Call comes from Madrid meeting of female legislators

  • Women in Latin America hold just over 1 in 5 seats in lower (or single) legislative chambers and nearly 22% of cabinet seats in the region, a big increase from the 9% of governments in the 1990s.
  • But at the current rate of growth, it will be 2052 before women hold 40% of all parliamentary seats, said Rebeca Grynspan, the Latin America and Caribbean regional director for the United Nations Development Programme.
  • Instead, a meeting in Madrid of 60 female legislators from 20 Latin American and Caribbean countries called for national laws that require that women receive at least a certain number of public positions.
  • 11 of those 20 countries have quota laws, and in those countries women make up 20.5% of lawmakers; in the other nine countries they hold only 14% of seats.
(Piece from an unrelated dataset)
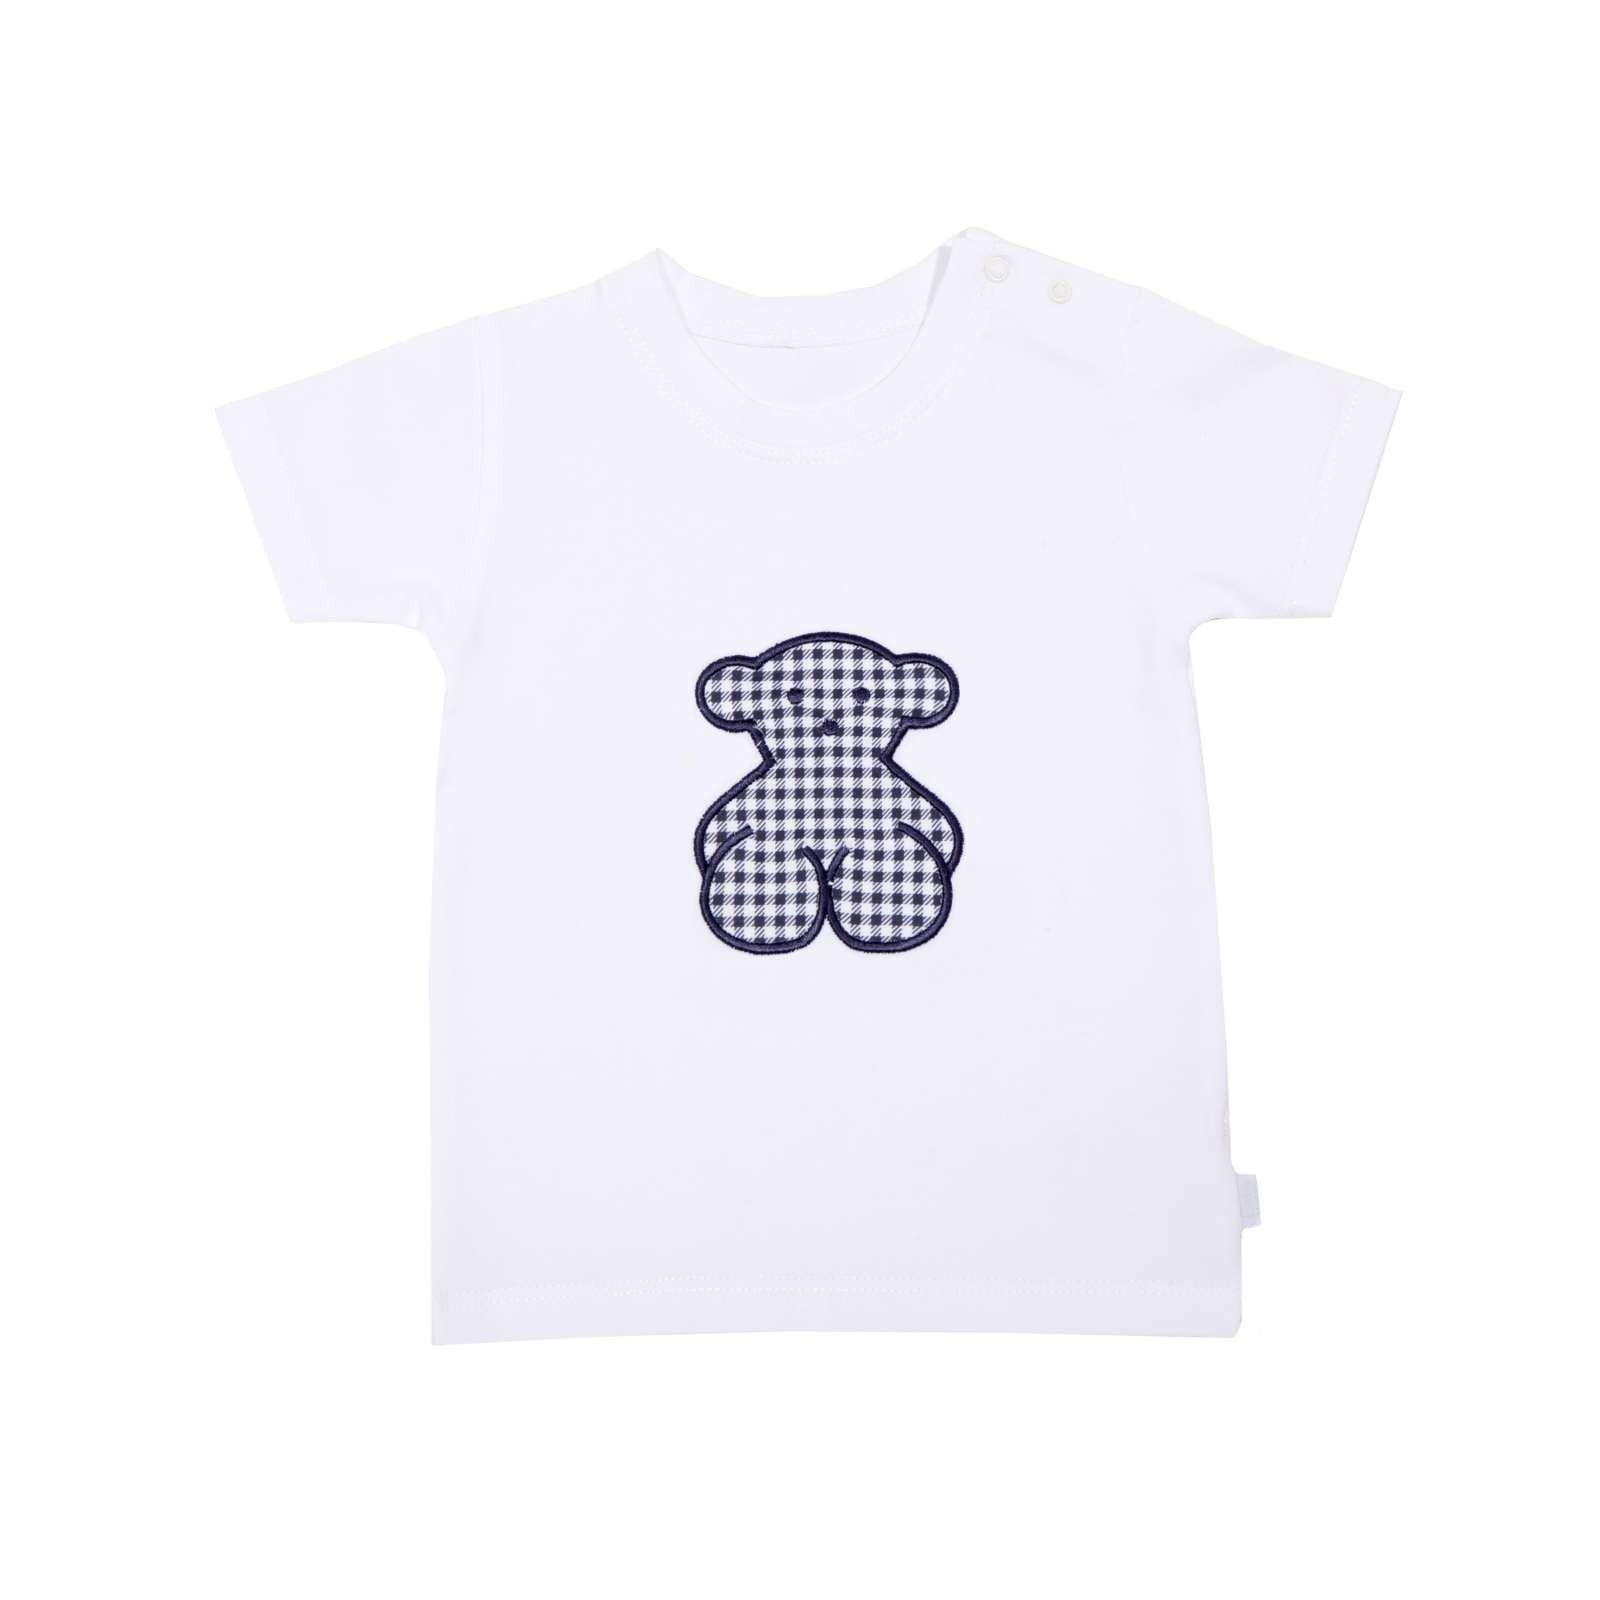 Camiseta de algodón de la colección Sailor de Baby Tous, de corte recto, cuello redondo y manga corta. Aplicación de oso bordado en color azul marino con cuadritos vichy en la parte central. Apertura en el hombro con botones de presión. Fabricado en 100% algodón. Plazo de entrega: 24-48 horas.

  • Cuba has the largest share of women legislators, at 49%, Argentina has 40% and Costa Rica about 37%. By contrast, only 8.4% of Colombian lawmakers are women, and Panama is close at 8.5% and Brazil at 9%. Fewer than 1 in 8 members of Parliament in Guatemala are women.
  • But across the region, only 6% of mayors are women.
  • The conference, “Towards a Political Agenda for Gender Equality in Latin America and the Caribbean”, also included 20 female lawmakers from Spain. In Spain, the cabinet is 50% female, and at least 40% of parliamentary candidates must be women.